This question concerns the apparently peculiar behavior around zero of the Poisson process defined over the entire real line $\mathbb R$.
A Poisson process $N(A)$ with mean measure $\mu$ on a general topological measure space $(\Omega, \mathcal B, \mathbb P)$ is defined such that for all $A \in \mathcal B$ satisfying $\mu(A) < \infty$, $ \mathbb P(N(A) = n) = e^{-\mu(A)} \frac{(\mu(A))^n}{n!} $ and for disjoint $A_1,\ldots,A_k$, the $N(A_i)$ are mutually independent.
If $\Omega = [0,\infty)$ and $\mu$ is proportional to Lebesgue measure, then we can construct the process $N$ via a sequence $\{T_i\}$ of iid $\mathrm{Exp}(\lambda)$ random variables with $X_n = T_1 + \cdots + T_n$ and $N(t) = \#\{n: X_n \leq t\}$.
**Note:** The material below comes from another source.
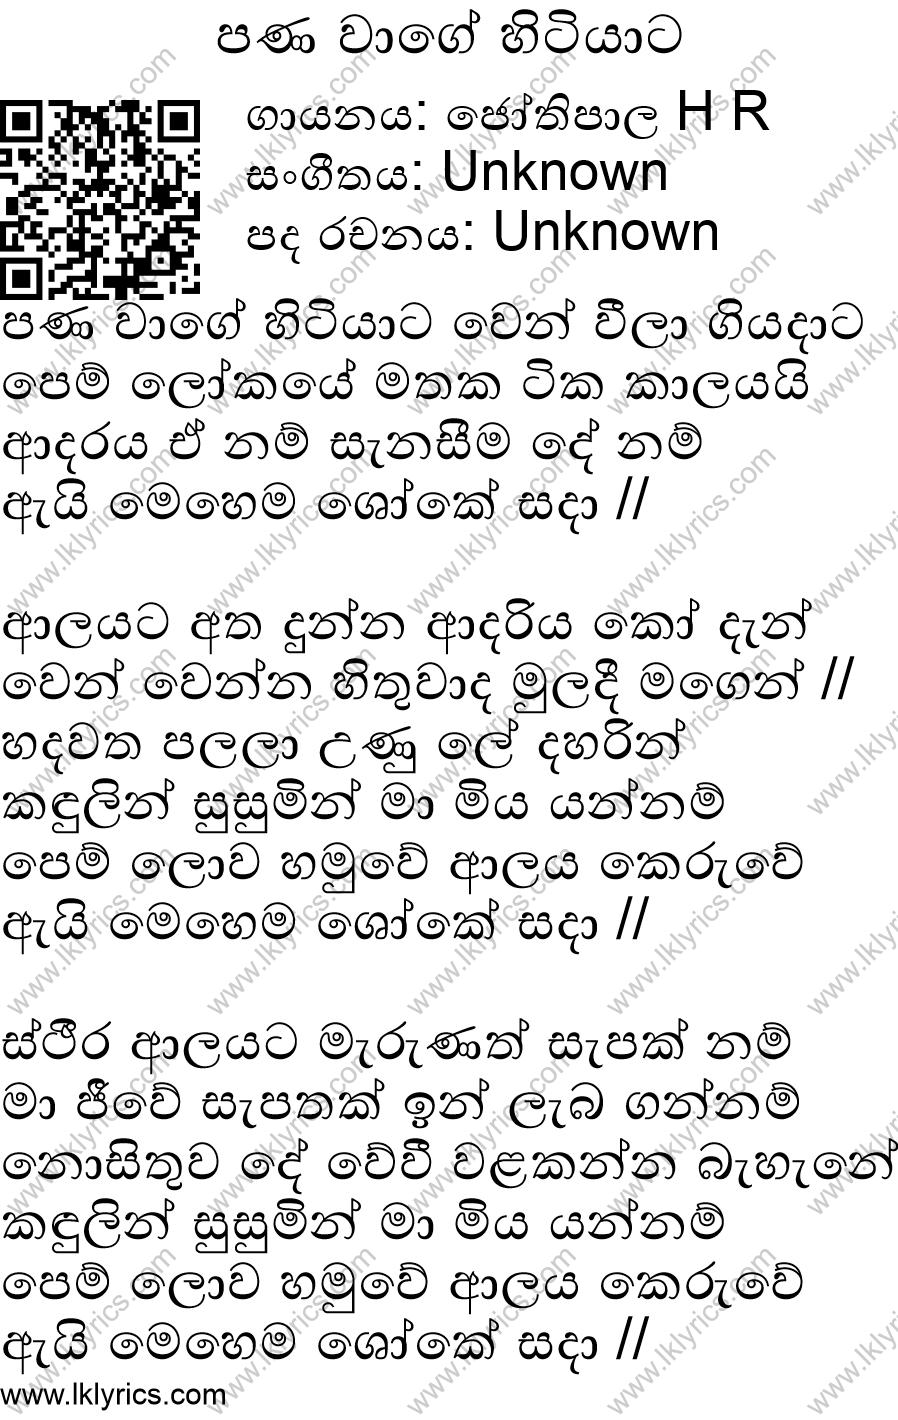 Pana Waage Hitiyaata Lyrics - LK Lyrics

If $\Omega = (-\infty,\infty)$, a simple modification of the above construction works. We take a second iid $\mathrm{Exp}(\lambda)$ sequence $\{U_i\}$ independent of the first and place points at $X_{-n} = -(U_1 + \cdots + U_n)$. It seems easy to see that this satisfies the general definition of a Poisson process. We only really need to worry if $A$ contains points on both sides of zero. So, if $A$ is any Borel set on $\mathbb R$, we decompose it as $A = (A \cap (-\infty,0)) \cup (A \cap [0,\infty))$ and then use the fact that the construction on each half-line was independent of one another and that sums of independent Poissons are Poisson.
"Paradox": Every interarrival time is $\mathrm{Exp}(\lambda)$ independently of each other except for the interarrival time that straddles zero, namely $X_1 - X_{-1}$, which is still independent of all other interarrival times, but is $\Gamma(2,\lambda)$ since it is the sum of two independent $\mathrm{Exp}(\lambda)$ random variables.
How do we explain away this peculiar behavior of the process around zero?
(I realize this is not a proper paradox, which explains the quotation marks.)